__Activity__:
Return all the data exactly, keeping the pictures out.

__Material provided__:
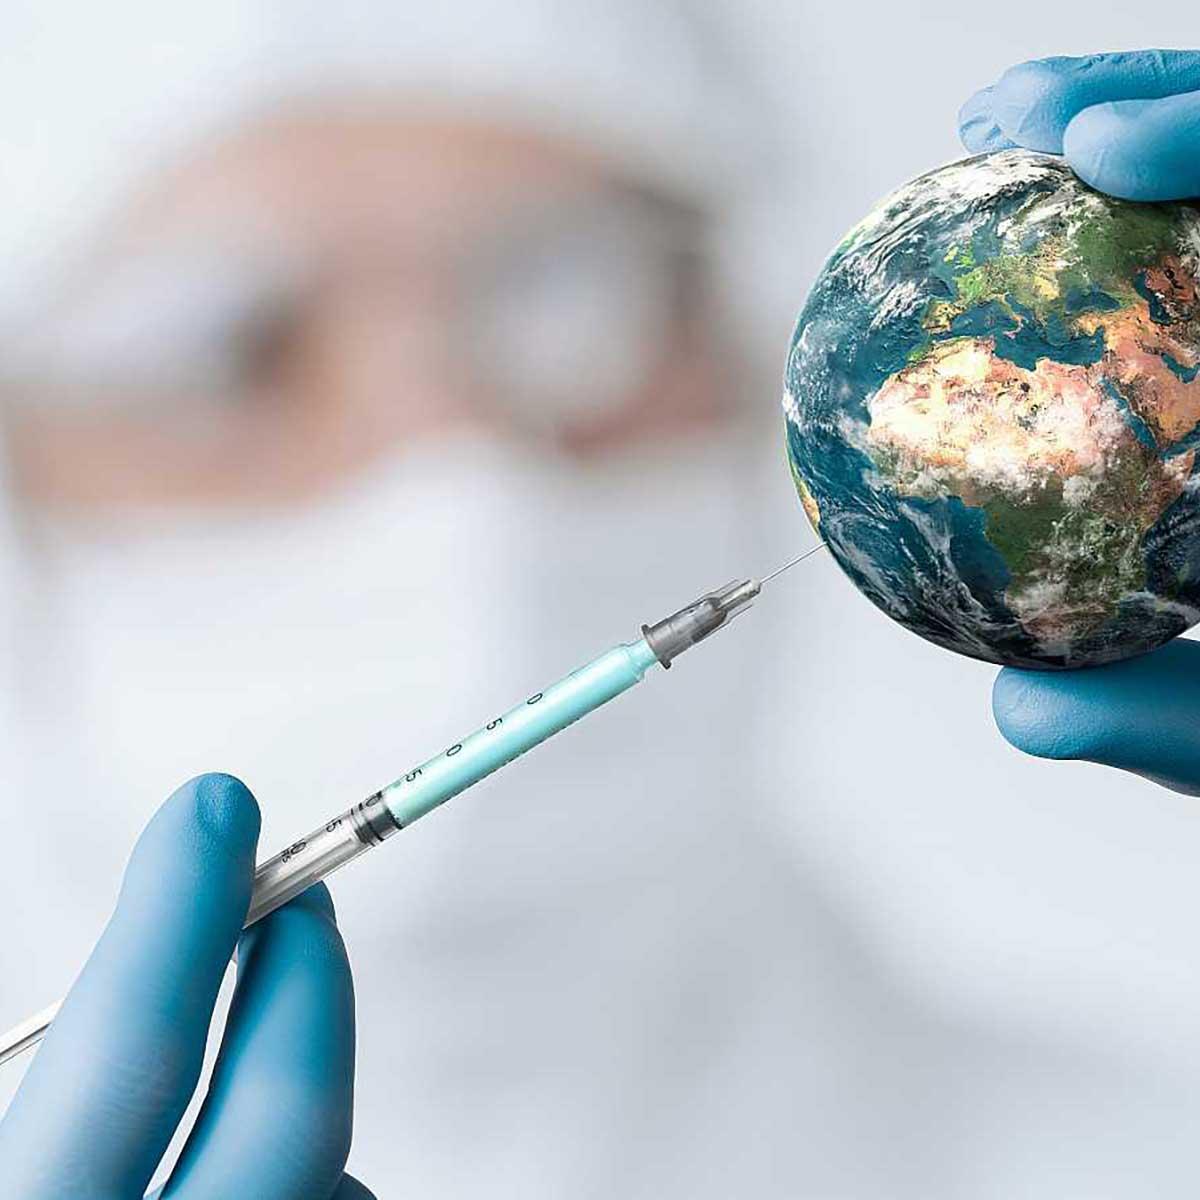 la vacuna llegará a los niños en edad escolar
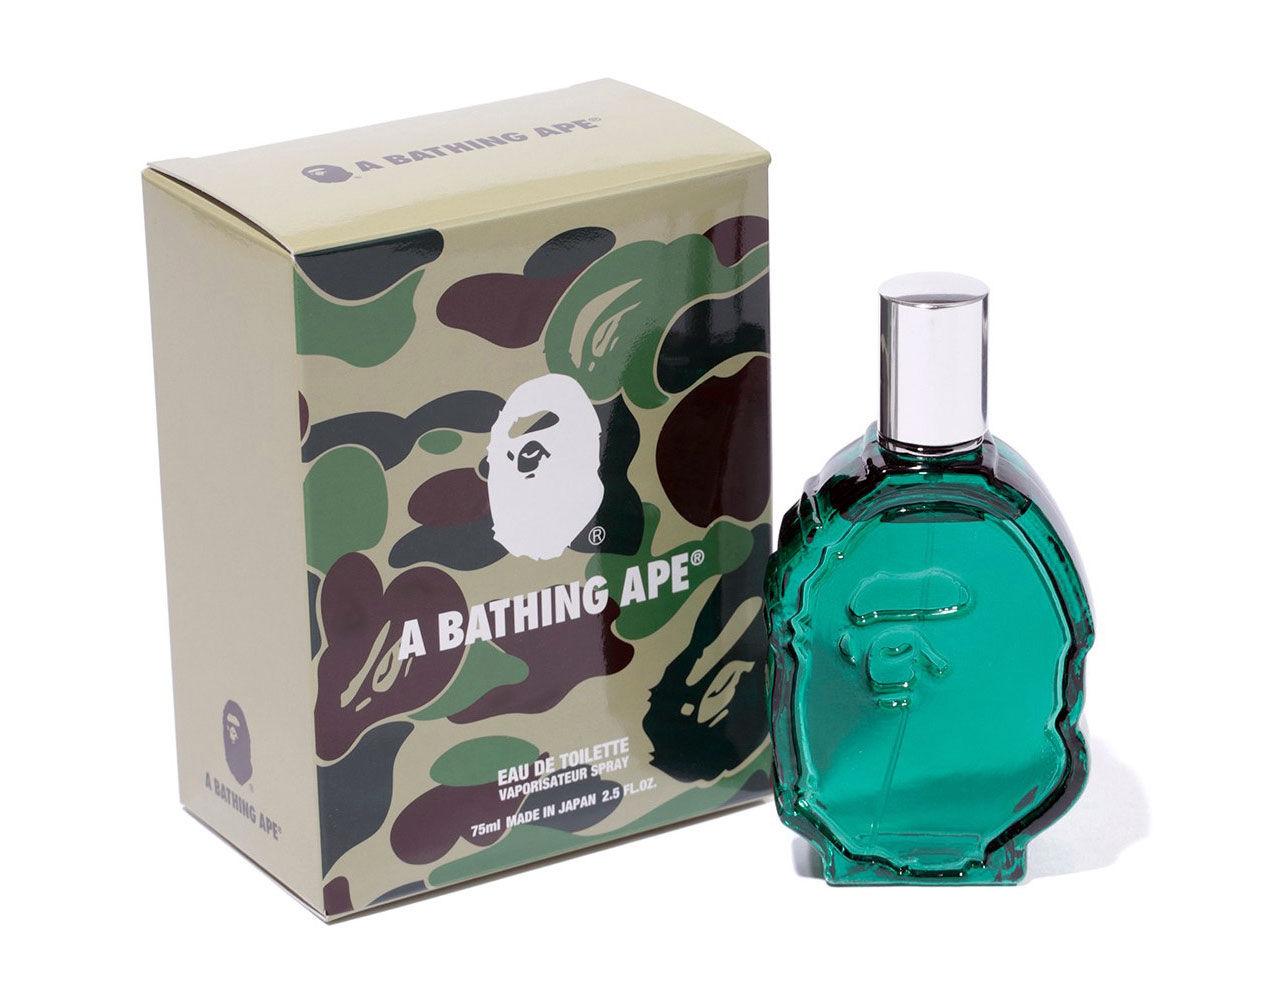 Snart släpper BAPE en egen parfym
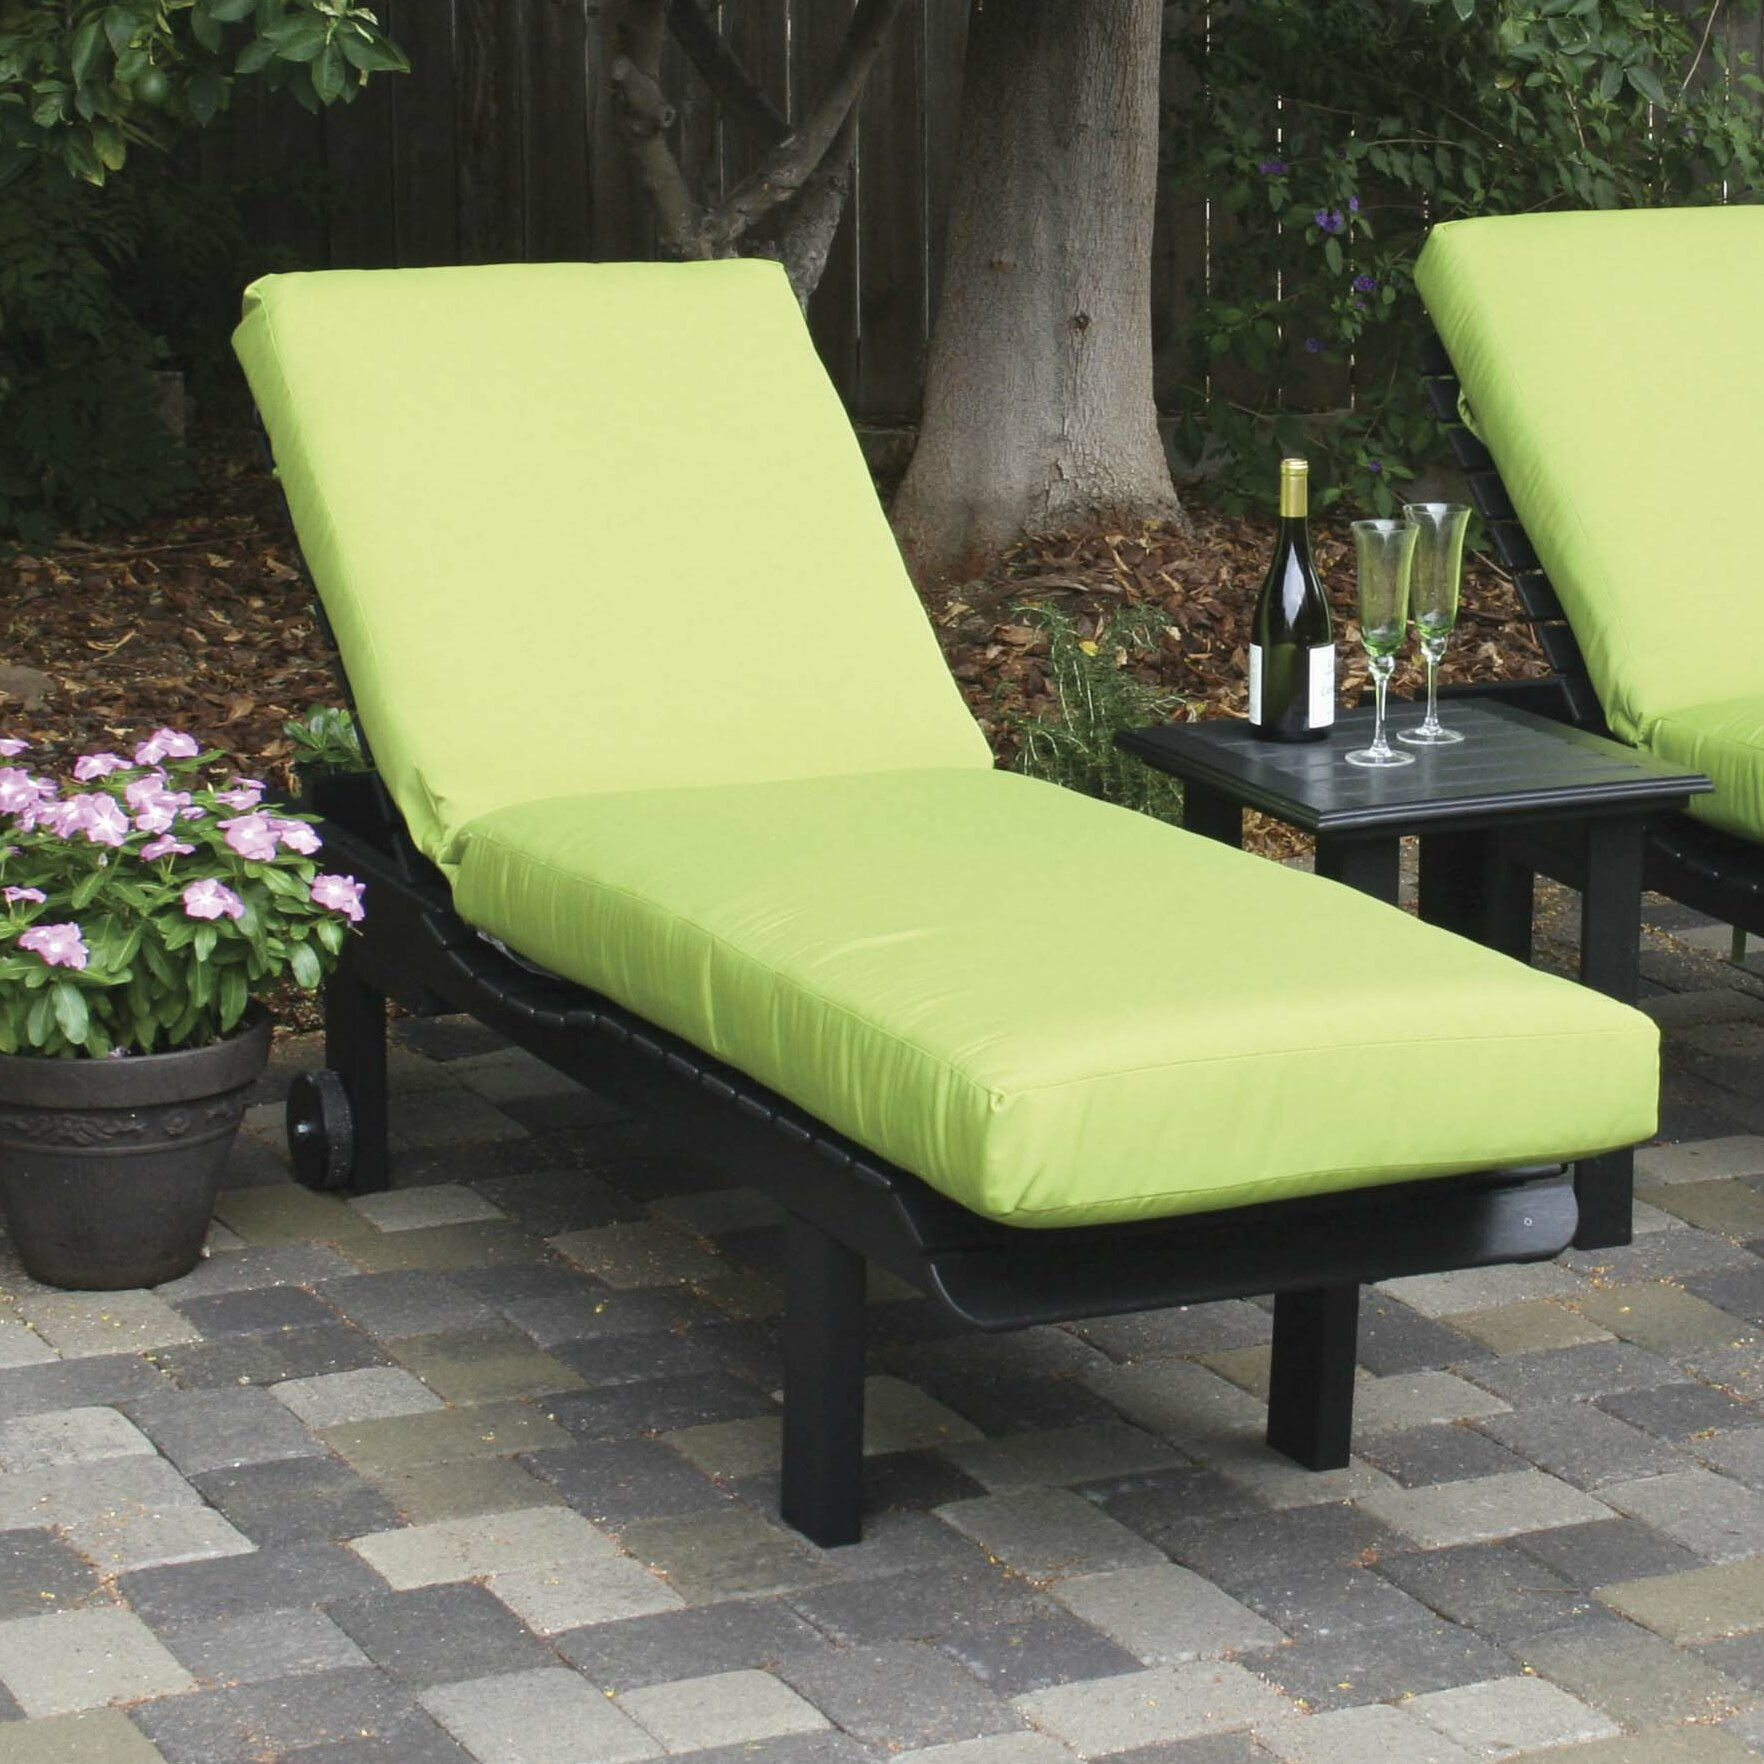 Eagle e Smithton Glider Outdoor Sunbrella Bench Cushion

__Result for this task__:
 la vacuna llegará a los niños en edad escolar
 Snart släpper BAPE en egen parfym
 Eagle e Smithton Glider Outdoor Sunbrella Bench Cushion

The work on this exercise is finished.